Centurion
- UK first edition cover
- Author: Simon Scarrow
- Language: English
- Series: Eagles of the Empire
- Genre: Historical novel
- Publisher: Headline (UK)
- Publication date: 2007
- Publication place: United Kingdom
- Media type: Print (hardback & paperback)
- ISBN: 978-0-7553-8022-0
- Preceded by: The Eagle in the Sand
- Followed by: Gladiator

= Centurion (novel) =

2007 novel by Simon Scarrow

Centurion is a historical fiction novel (ISBN 0755327764) written by Simon Scarrow, published by Headline Book Publishing in 2007. It is book 8 in the Eagles of the Empire series, continuing Macro and Cato's adventures in the eastern provinces of the Roman Empire that began in The Eagle in the Sand.

==Summary==

During the 1st century AD, a force of the Parthian Empire destroys a vexillation of a Roman auxiliary cohort sent to construct a fort on the banks of the Euphrates in the Kingdom of Palmyra. The garrison is slaughtered. Meanwhile, with tensions rising between Rome and Parthia, the Legio X Fretensis, Legio III Gallica and the Legio VI Ferrata are drilling for war in Syria. Prefect Macro and Centurion Cato are drilling the Second Illyrian, an auxiliary cohort, attached to the Legio X Fretensis for the looming war.

Cato and Macro were sent to Syria by Narcissus to gather proof that the governor of Syria, Longinus was planning to use the Syrian legions to usurp the Emperor Claudius. During their time in Antioch, Crispus, a Roman legionary, murders an auxiliary leading to Crispus' execution, much to the chagrin of the legionaries. A Parthian convoy arrives, delivering the head of Centurion Castor, the soldier who commanded the Euphrates fort, and warns of Parthian intervention, should Rome continue to be seen to be annexing Palmyra. Shortly thereafter, a Roman soldier arrives at the behest of Lucius Sempronius, a Roman ambassador to Palmyra, informing Longinus that Palmyra has descended into civil war.

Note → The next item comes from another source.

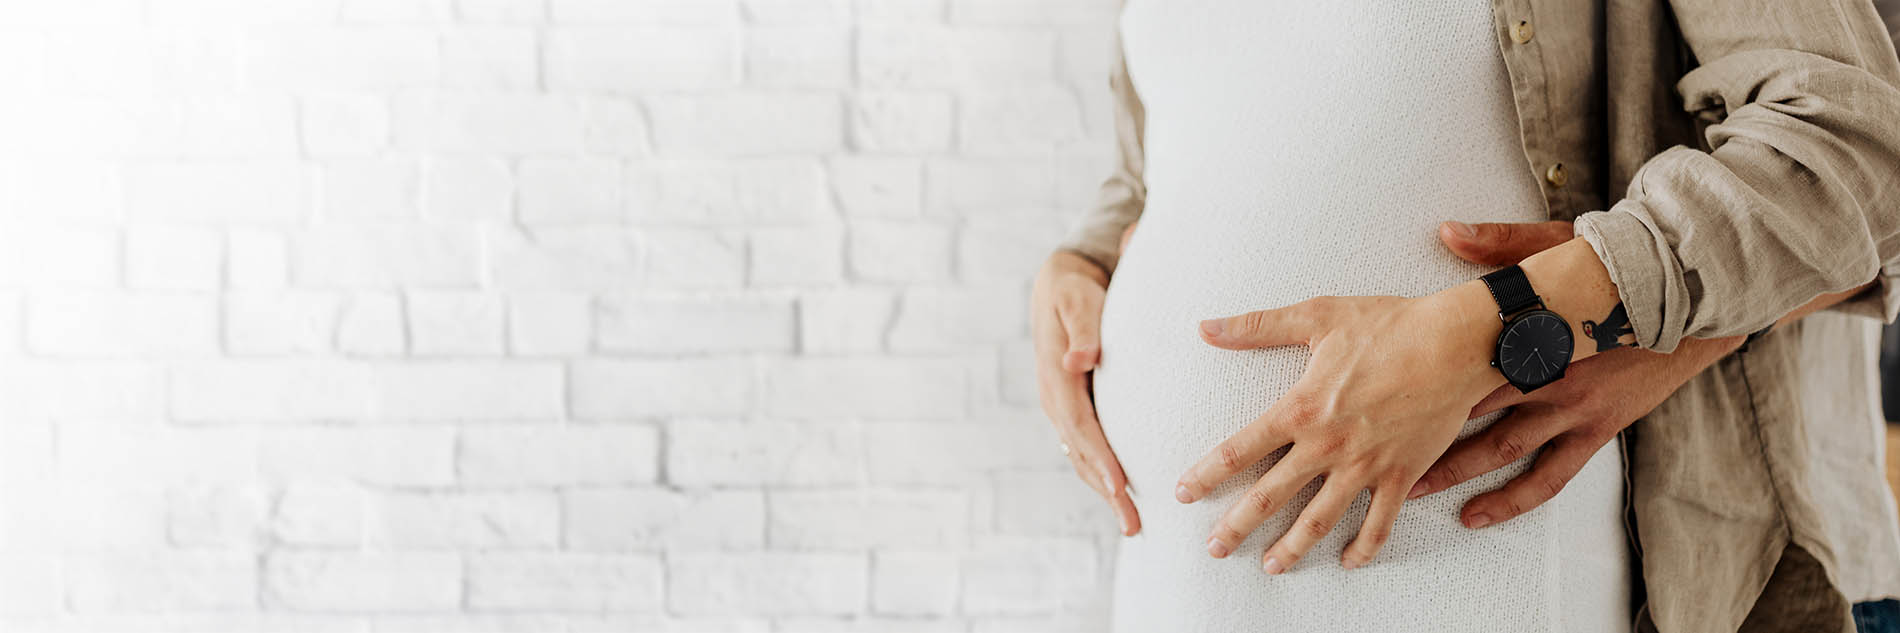 Mutterschutz für schwangere und stillende Studentinnen

Artaxes, the son of Palmyran king Vabathus, has raised an army and laid siege to the Palmyran loyalists in the Royal Citadel. Fearing the Parthians will arrive before the Romans can, Longinus sends the Second Illyrian and a cohort of the Legio X Fretensis to reinforce the loyalists. Along the way, the Roman force is aided by Prince Balthus, who covets the Palmyran throne, despite not being Vabathus' first born. The Romans and Balthus' men fight their way through to the city and manage to reinforce the loyalist troops, mainly composed of Greek mercenaries. Following a banquet to celebrate the successful defence of a rebel assault, Amethus, one of Vabathus' sons is found murdered, with Balthus being the prime suspect. Meanwhile, Cato meets Sempronius' daughter, Julia, and the two fall in love after an uneasy start.

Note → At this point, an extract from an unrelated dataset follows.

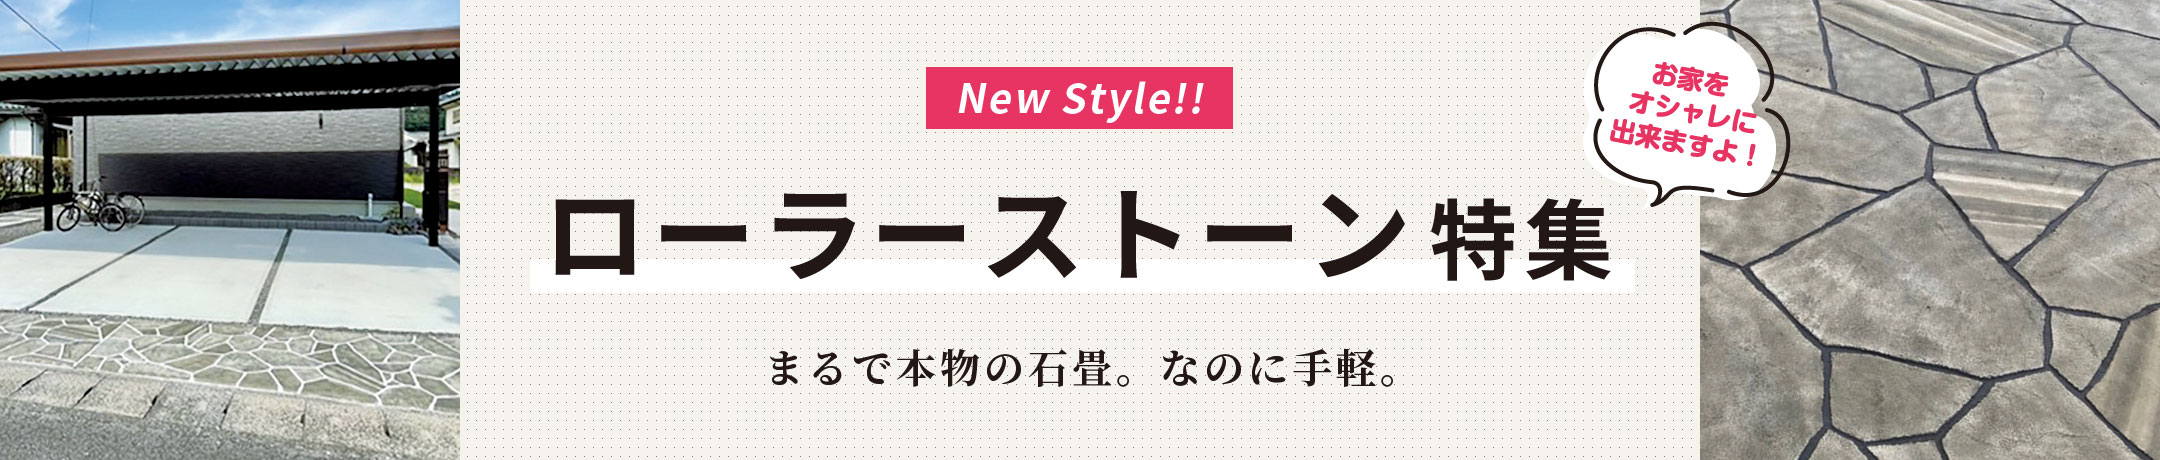 New Style!! ローラーストーン特集

After a rebel bombardment, the loyalist food stores are all but destroyed. Cato attempts to bluff Artaxes into standing down, however before Artaxes can respond, Longinus arrives with two legions and several auxiliary units. Longinus privately reveals to Cato and Macro that they were never meant to reach Palmyra, and were meant to die in the desert, removing Narcissus' spies that had frustrated his plans. Against the advice of Cato, Longinus leads the legions into the desert, determined to destroy Artaxes and his Parthian allies. During a night attack, Longinus panics, orders a retreat and leaves the army at the mercy of the Parthian horsemen. On the suggestions of Cato, the army manages to trap the Parthians, destroying their army. Balthus orders his brother, Artaxes, killed, leaving him the sole heir to Vabathus' throne.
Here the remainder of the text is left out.